Sunak, a Brexiter, will deliver a Budget on March 3 which will set out a post-Brexit economic vision; he is convinced that Britain’s vaccine rollout — which featured state support for the vaccine production and trial process and rapid approval for use — is a template for the kind of economy he wants to build.
“Our regulatory system has proved to be more agile and nimble and much better joined-up than others perhaps around the world,” Sunak said this month, referring to the development of the Oxford/AstraZeneca vaccine.
But excessive state support of British industry or serious divergence from current EU regulatory standards could trigger sanctions — in the form of tariffs — under the terms of the EU/UK trade deal, opening up the prospect of further tension.
Friends or foes
The risk is that the two sides start to engage in tit-for-tat “rebalancing measures” as a response to regulatory divergence in the areas of labour and social rules, environmental protection or subsidy control. Deciding how and when these tools should be used will not be easy. “It’s a very, very complex agreement,” says one EU diplomat.
A web of committees — including a ministerial-level Partnership Council — have been set up to try to manage the new relationship. Sefcovic will co-chair the council along with Frost.
Number 10, via Frost, is determined to keep a close hold on future EU relations, fending off an effort by the more Europhile Foreign Office to take a more dominant role. Anton Spisak, a former UK civil servant working on Brexit and now a policy lead at the Tony Blair Institute, says the new committees could defuse rows, but only if the politicians allow it. “The level of co-operation really depends on the licence officials are given by their political masters,” he says.
Sefcovic tells the FT he wanted to “de-escalate” tensions between the two sides and rejects the idea the UK and EU were heading for constant conflict. “Until the dust settles and the new system is introduced, I would say that this relationship will need day-to-day care, that’s absolutely clear,” he says. “Nobody could have expected that within six weeks everything will be sorted, because this is a massive, massive change.”

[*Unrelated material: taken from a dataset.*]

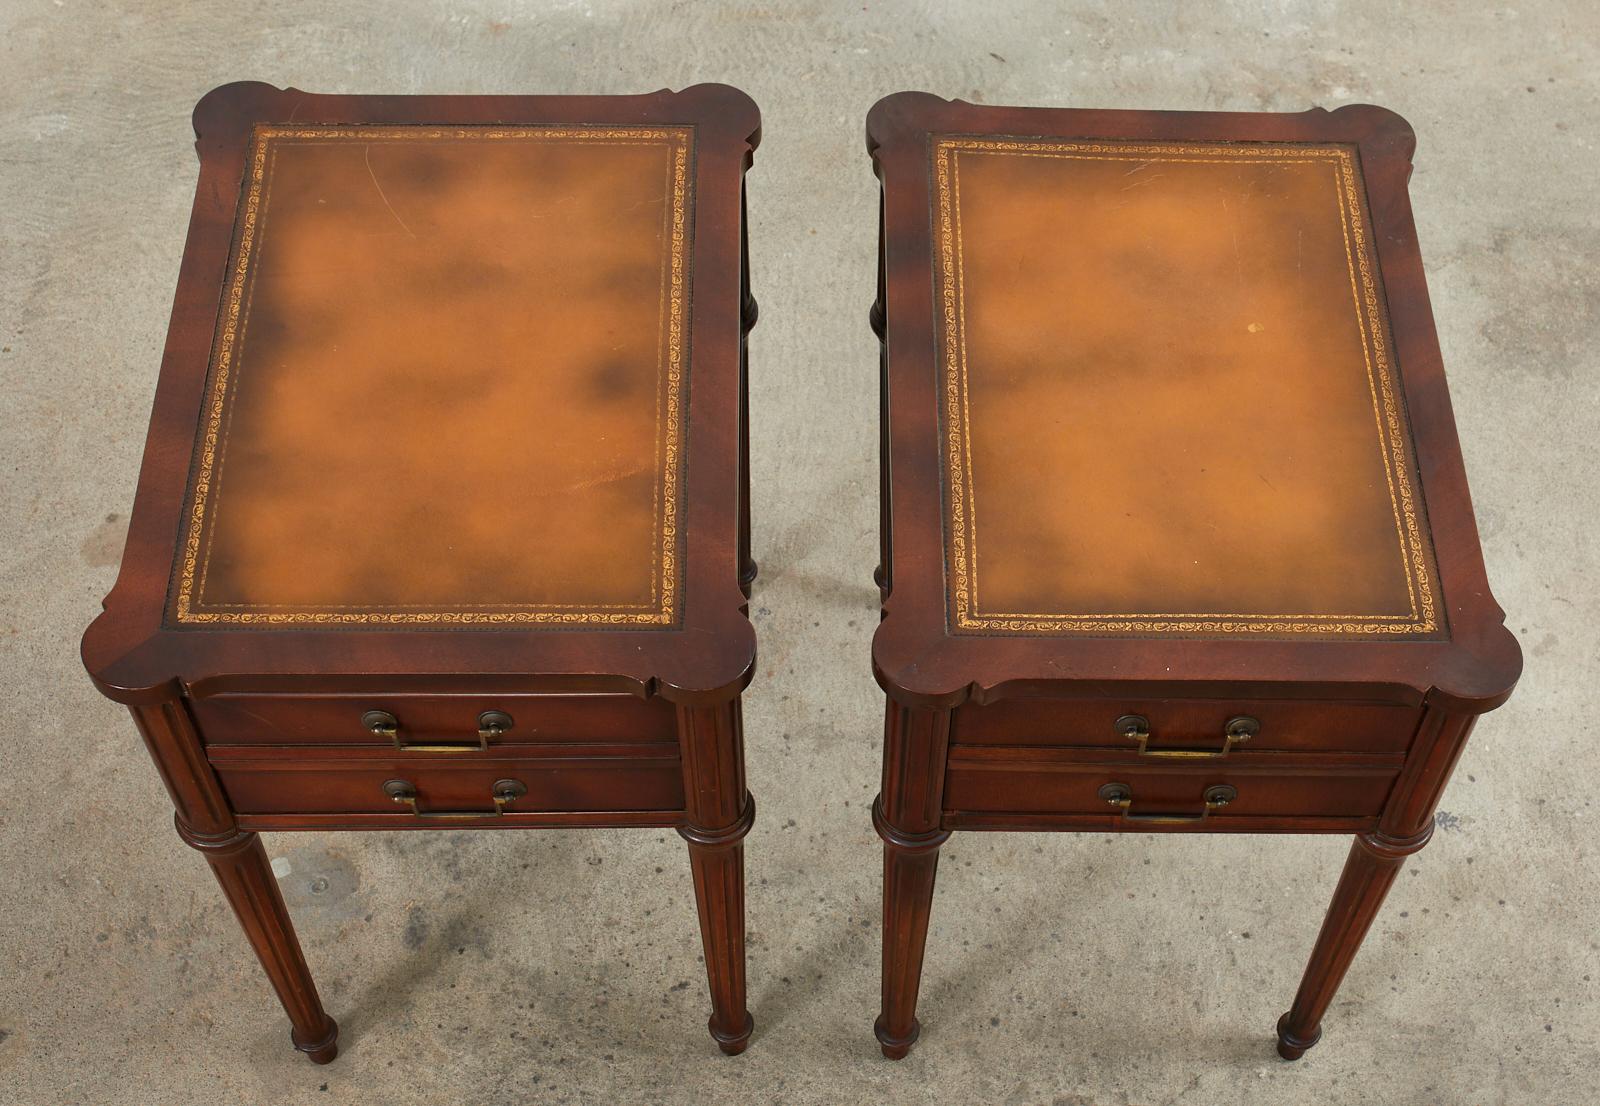 Embossed Pair of Louis XVI Style Mahogany Nightstands with Leather Tops

There is frustration in Brussels that the UK has so far been reluctant to engage more deeply on broader issues such as security and defence policy, but Charles Grant, director of the pro-EU think-tank Centre for European Reform, argues that mutual interests on issues such as the Middle East and climate change will ultimately bring the two sides together.
“The big picture is that if ‘global Britain’ is to succeed in forums like the G20, G7 and COP26 [climate conference], then we can’t do it if we have bad relations with the EU,” he says. “We’ll learn there’s a price to be paid for being in a grumpy relationship with our European partners.”

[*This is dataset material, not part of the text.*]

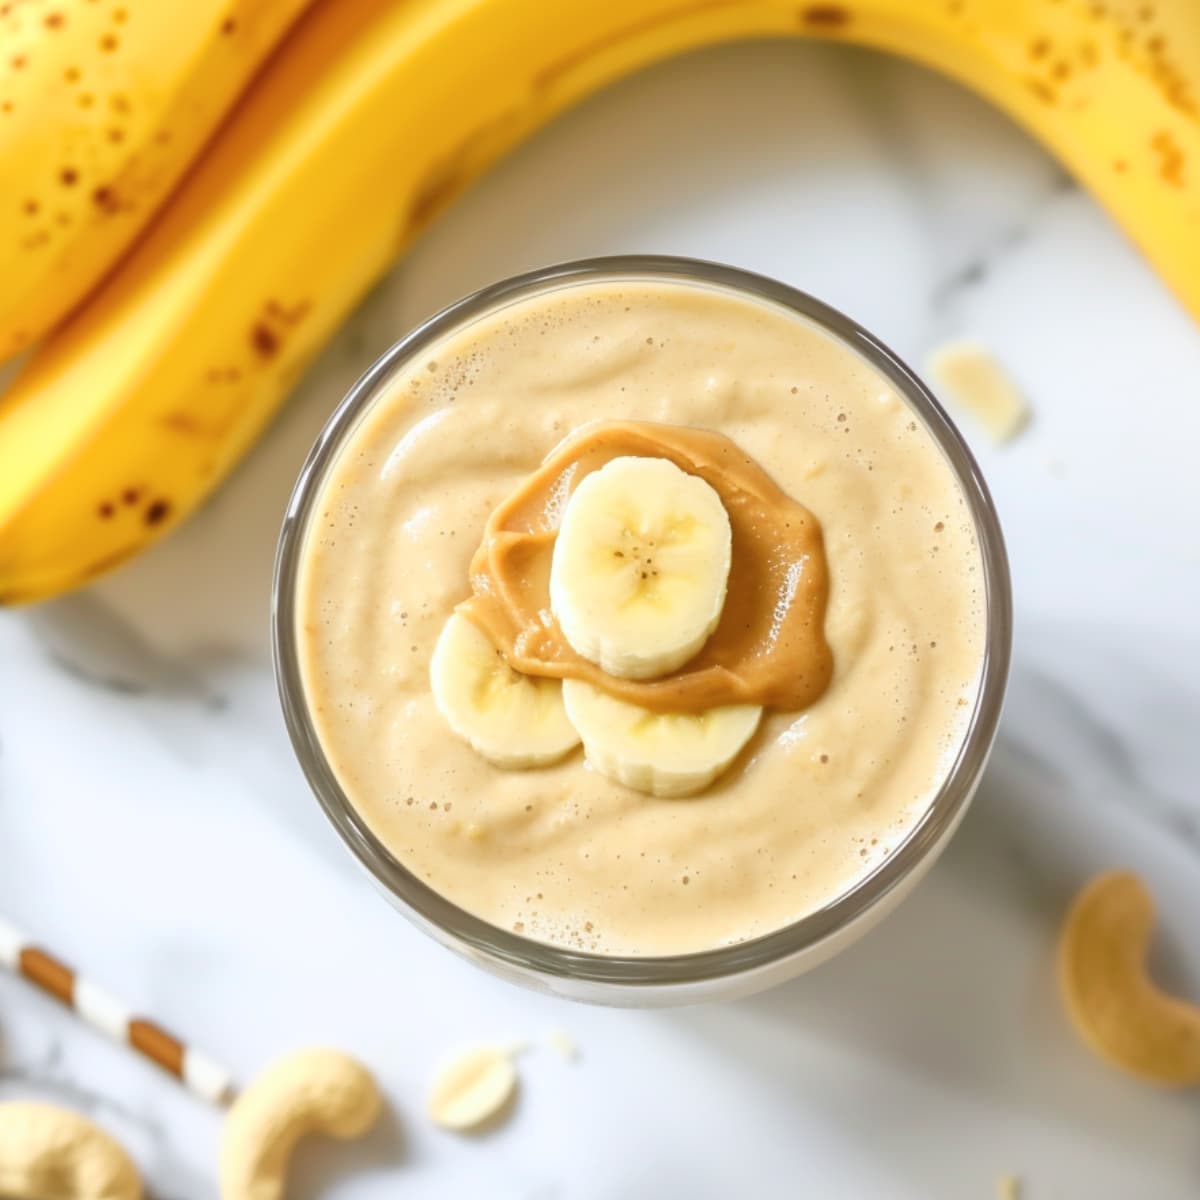 Refreshing homemade peanut butter banana smoothie, top view

Other experienced EU watchers, such as Lord Hill, the UK’s European commissioner during the Cameron era, are far less confident that the new systems will foster a constructive relationship. He says the rows over Northern Ireland and vaccine procurement have demonstrated the willingness on both sides to engage in political finger-pointing.
“The logic is that there should be a calm and comprehensive agreement for both sides’ mutual benefit,” he says. “But the EU doesn’t think that way — they think of any concessions in terms of linkages you can make in different places to extract maximum benefit for the EU.” If the EU will always seek a hard bargain, Britain’s political discourse — defined by decades of Euroscepticism — does not lend itself to measured compromise.
Whether the new relationship is marked by healthy competition or destructive regional rivalry is up for grabs, although the early signs are not good. João Vale de Almeida, the EU’s ambassador to London, insists both sides must rise to the challenge: “We need to move on. There’s life after Brexit.”